The website features information about the 20,000-seat design, parking, the arena’s potential dimensions, luxury suites and special features for events and concerts. includes maps to show how the arena will fit into the downtown Markham area as well as Ontario.

“After the approval of the Site Plan Application in January, we felt that creating a place where the public can learn about the project and get continued updates was the logical next step,” Ray Lalonde, Executive Vice President and Management Strategist for GTASE said.

The site also includes biographies of Lalonde, GTA’s CEO W. Graeme Roustan as well as a list of potential benefits to Markham and testimonials from several major hockey names such as former NHL Players Association Executive Director Paul Kelly and NHL player Igor Larionov and Markham’s mayor Frank Scarpitti.

“Mayor Scarpitti has been a long and passionate supporter,” Lalonde said. “Scarpitti has worked incredibly hard to move this project forward and we are continuing our efforts on the public private partnership.”

The proposed framework has the city borrowing $325 million and having half paid back over 20 years.
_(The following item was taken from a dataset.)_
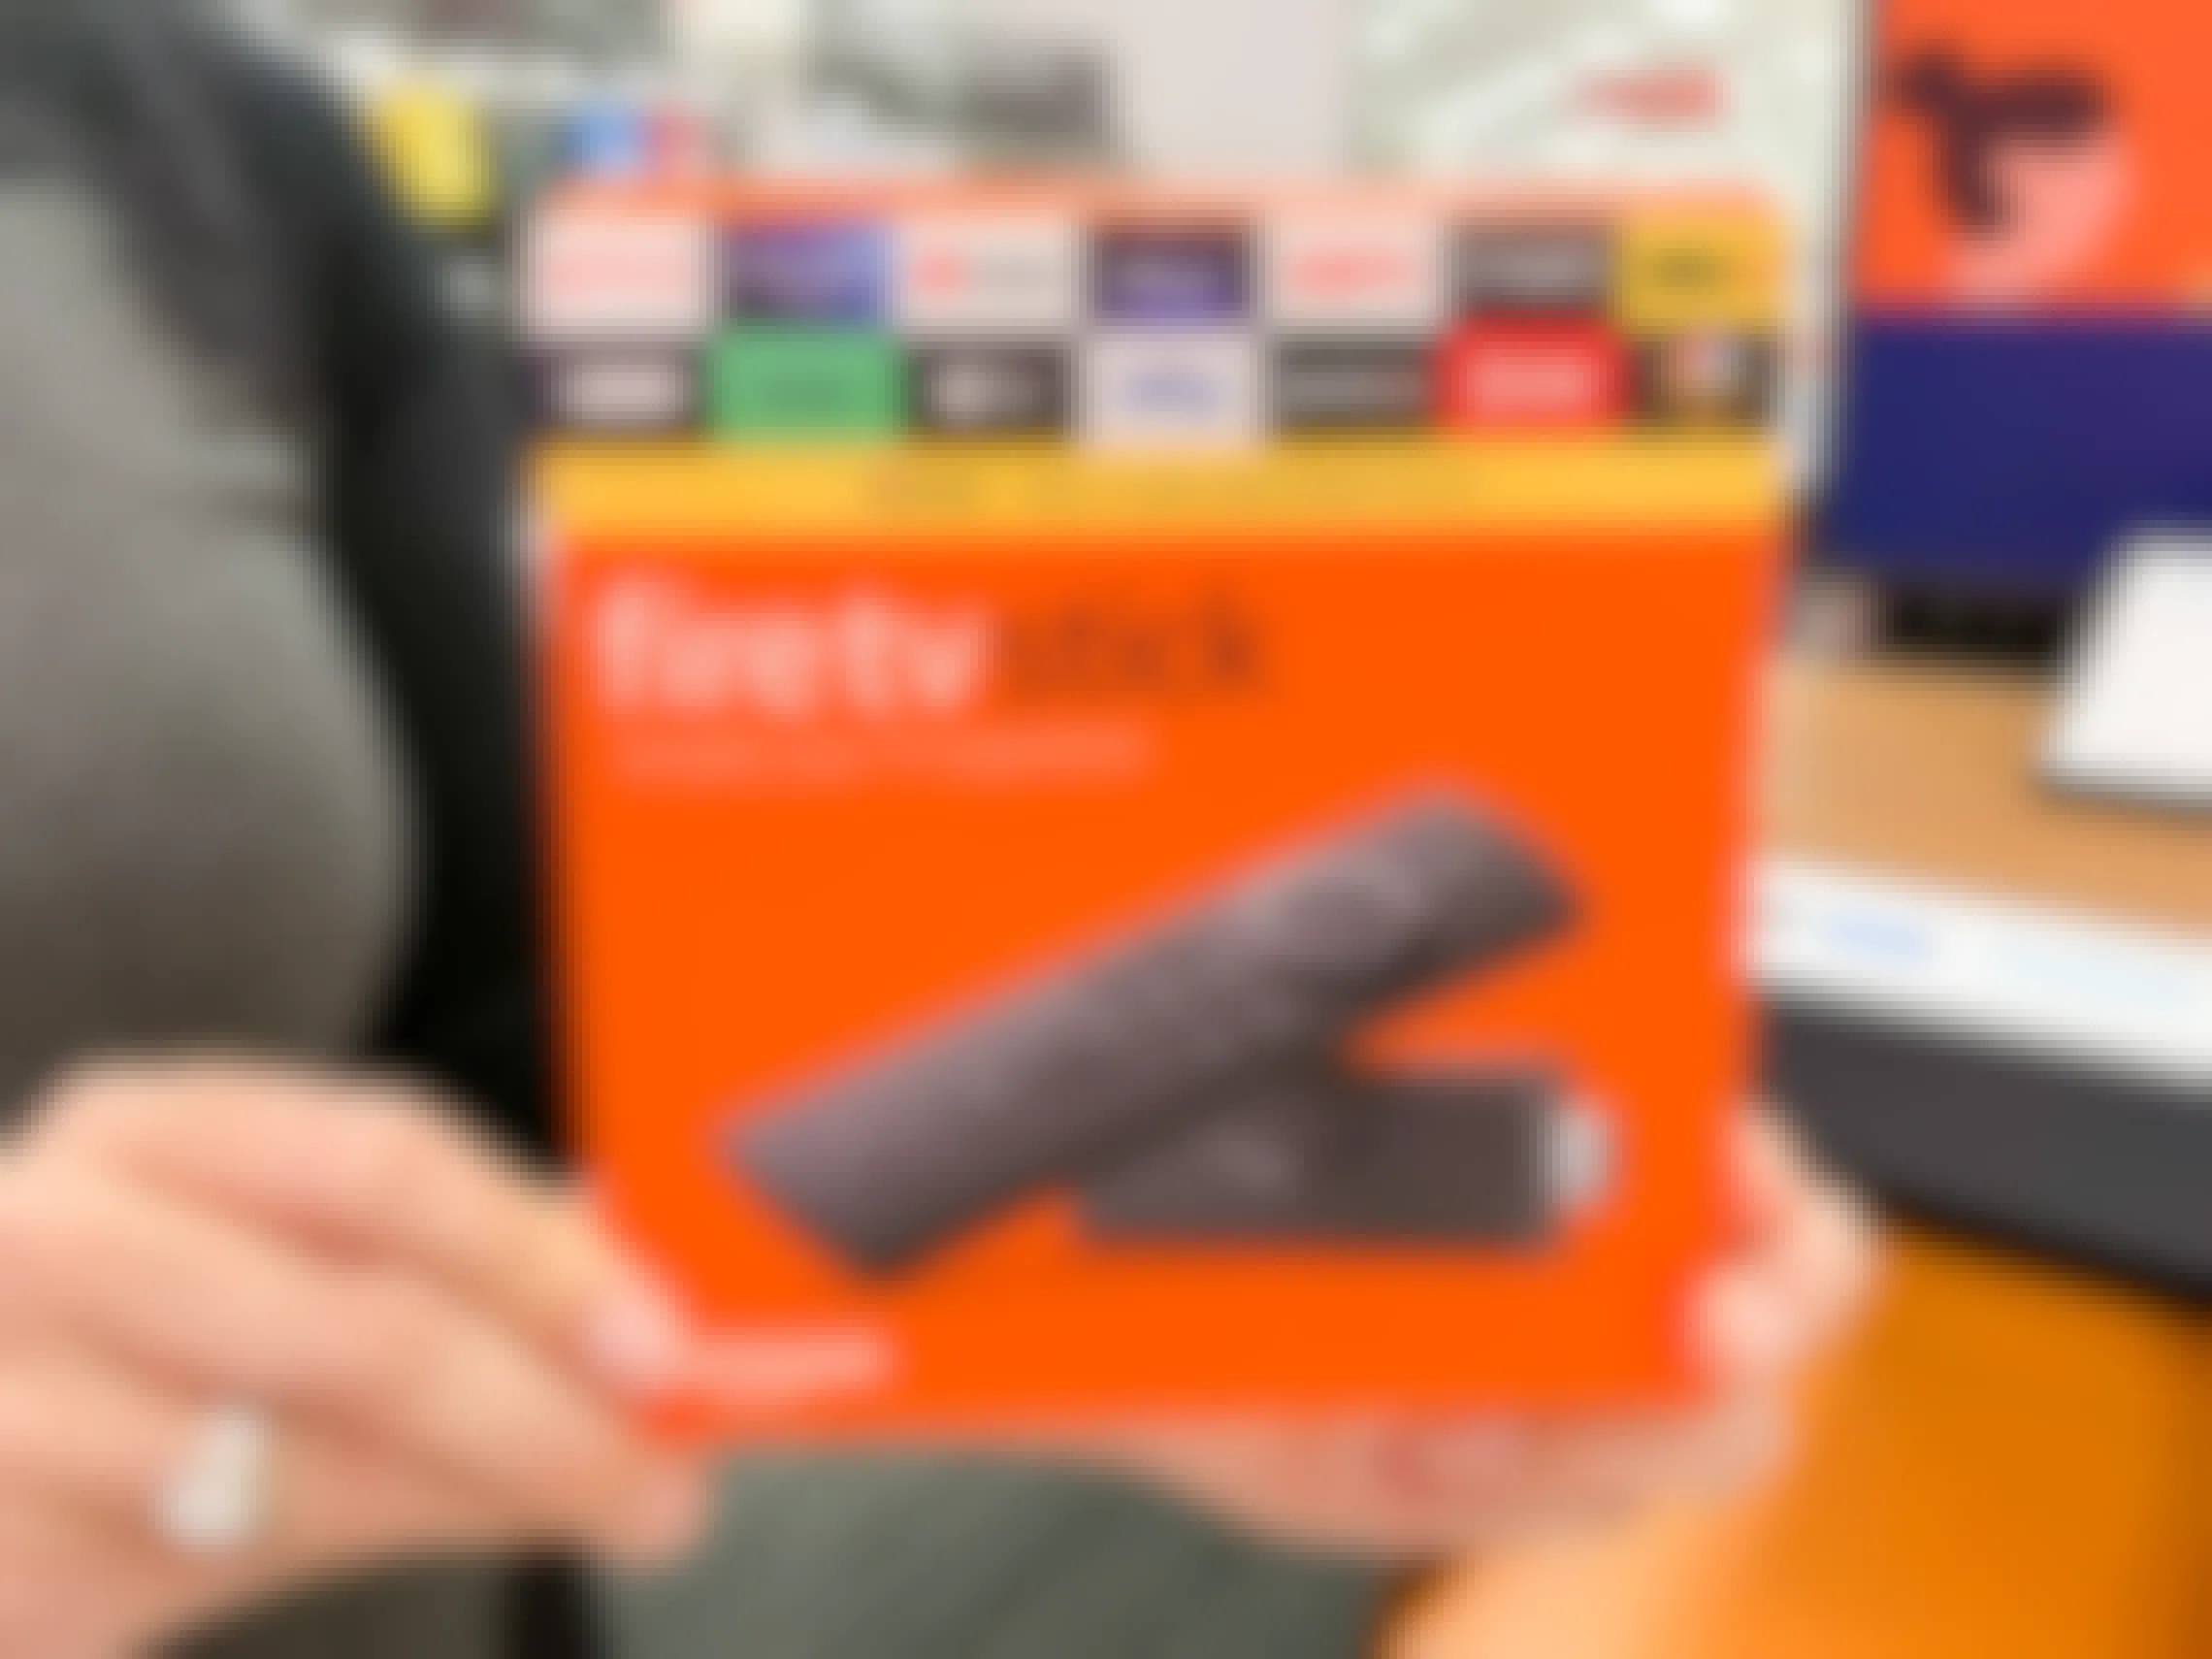 A person holding up an Amazon Fire TV Stick inside of a store.

The city would raise the money through development feeds on builders and ticketing surcharges.

The major concern from Markham taxpayers is that they could be exposed to losses without an NHL cash cow. GTA has insisted the arena doesn’t need an NHL team immediately in order to bring in revenue. They estimate the arena will be used for 130 days without a full-time hockey team.
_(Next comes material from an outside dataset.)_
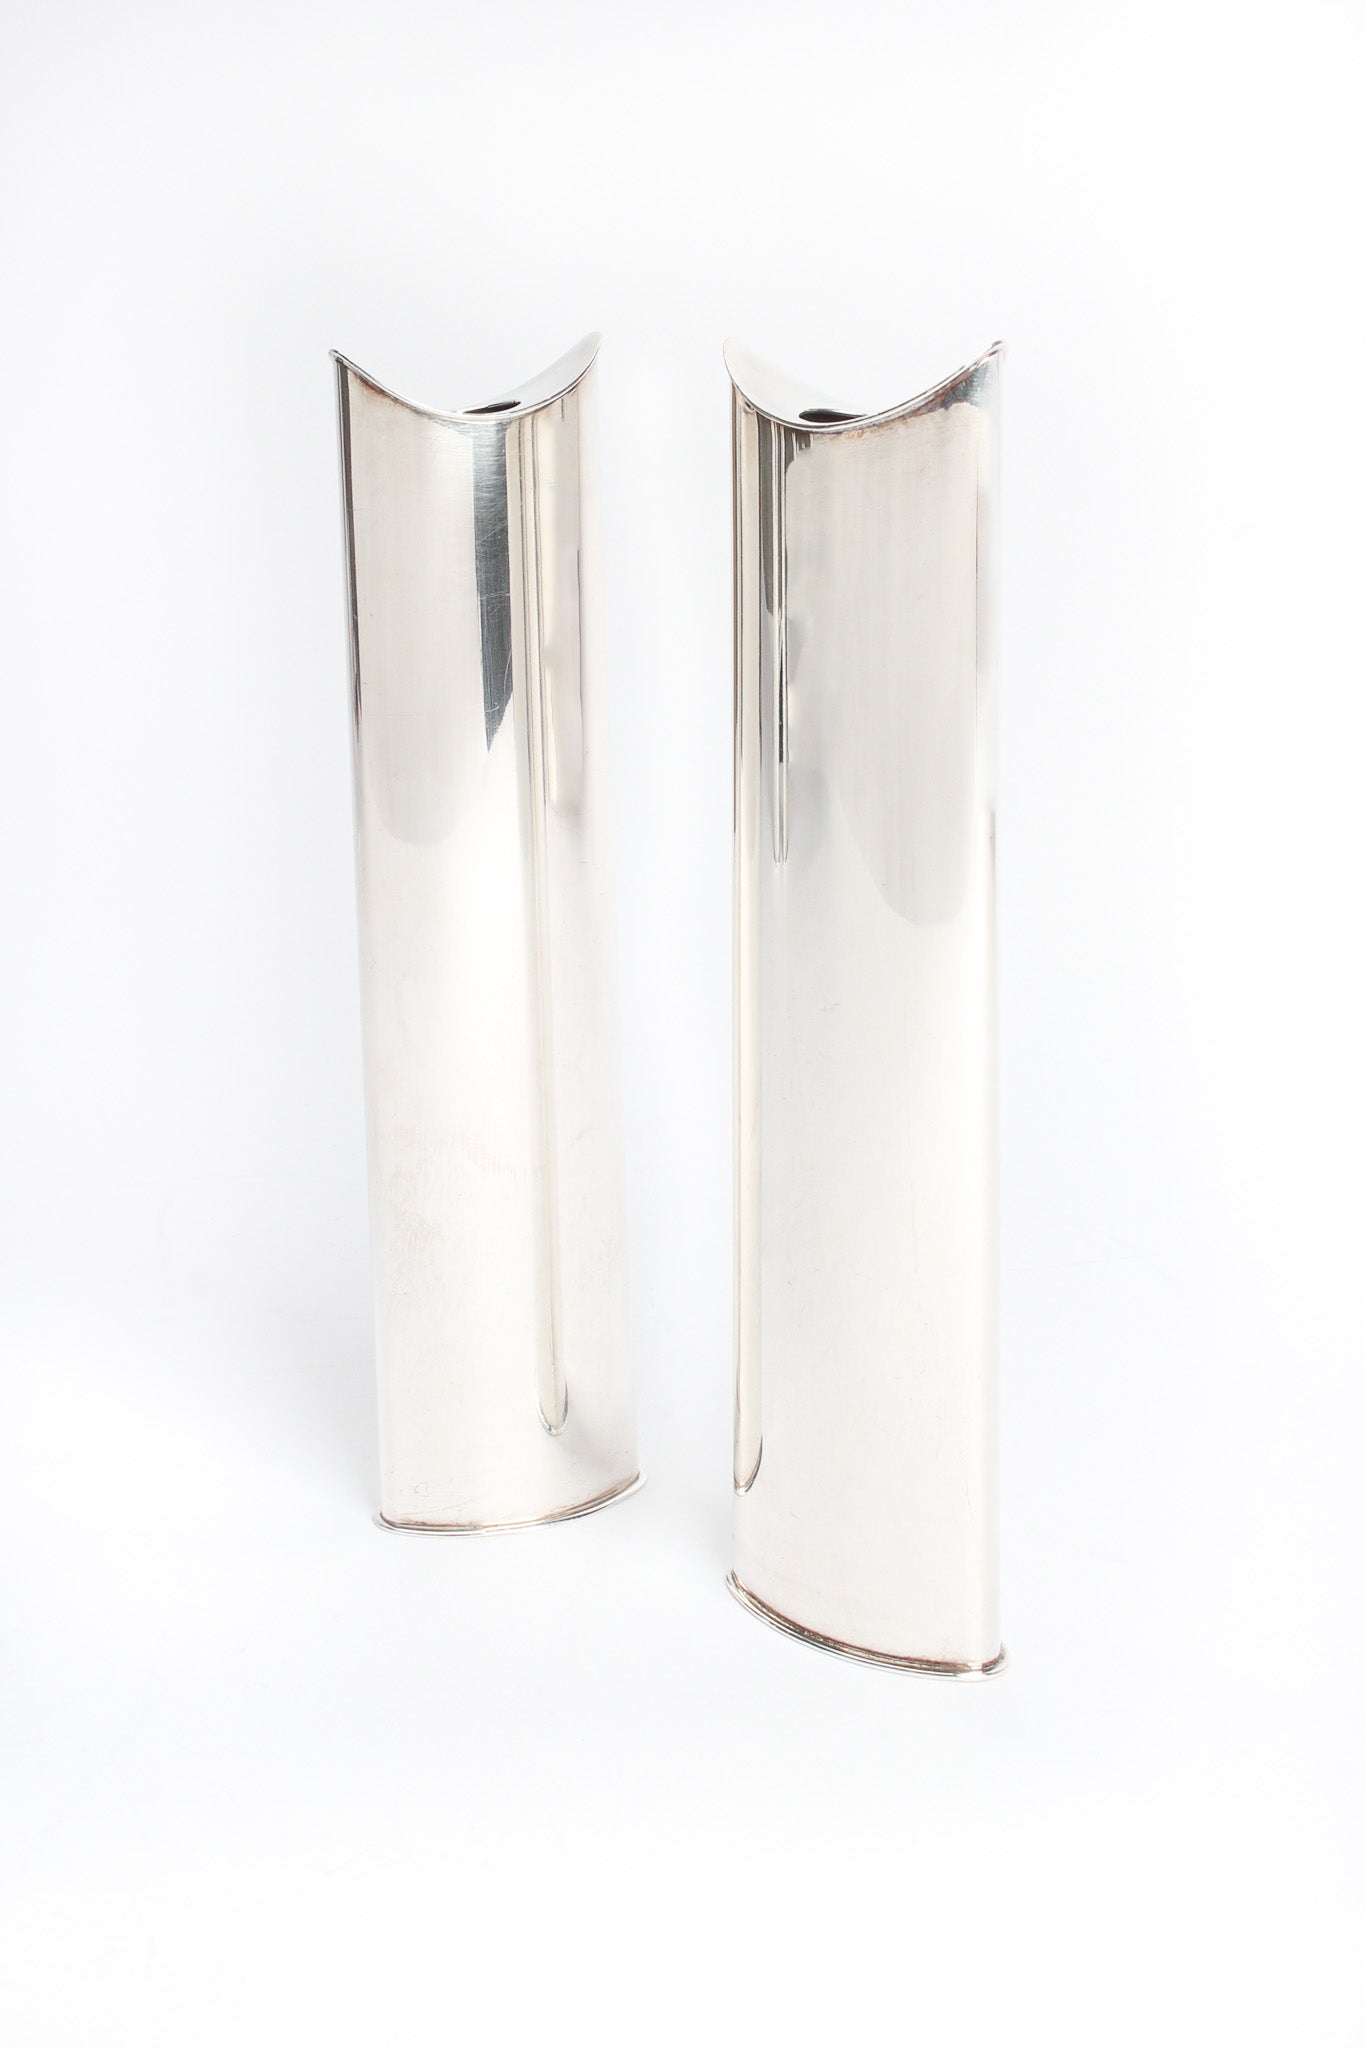 Sculptural Silver Candle Holders

Whether they can actually attract a tenant is unclear. But NHL owners could be motivated by the idea of expansion because they are set to begin receiving a higher percentage of the league’s total revenue under the new Collective Bargaining Agreement.

“You have to consider with the new plan for realignment, there are uneven divisions,” Southern Illinois Sports Administration Professor and former NHL Lawyer Jeff Levine said. “That kind of opens the door to adding two more teams. It seems in everyone’s interest to want to have things be competitively balanced, and expansion could help do that.”

Commissioner Gary Bettman has said that building an arena will not guarantee Markham a team. And Toronto’s ownership may balk at the idea of having competition close by.

“If a franchise is going to be granted access to Markham, it would likely have to be approved by the existing team in the market,” Levine said. “The Maple Leafs might be skeptical of signing off on that.”

Even if the arena is able to produce an NHL tenant, there is still worry that the situation could become like that of the Phoenix Coyotes. The Coyotes have suffered major losses that have been passed on to the public.

Levine said he wouldn’t expect the same struggles if Markham were able to bring in a team.

“You’re talking about the epicenter of hockey,” he said. “You’re talking about the New York or Chicago of Canada. It certainly has enough hockey fans to support another franchise.”

Another concern that was mitigated during the latest council meeting is that the arena’s potential operator Global Spectrum is expected to cover operating losses.

The project still has plenty of hurdles to clear before construction can begin. Lalonde said the plan going forward is to keep followers up on the latest news.

“We wanted to be able to share all the facts of the project in a transparent manner,” he said. “ allows us to achieve that.”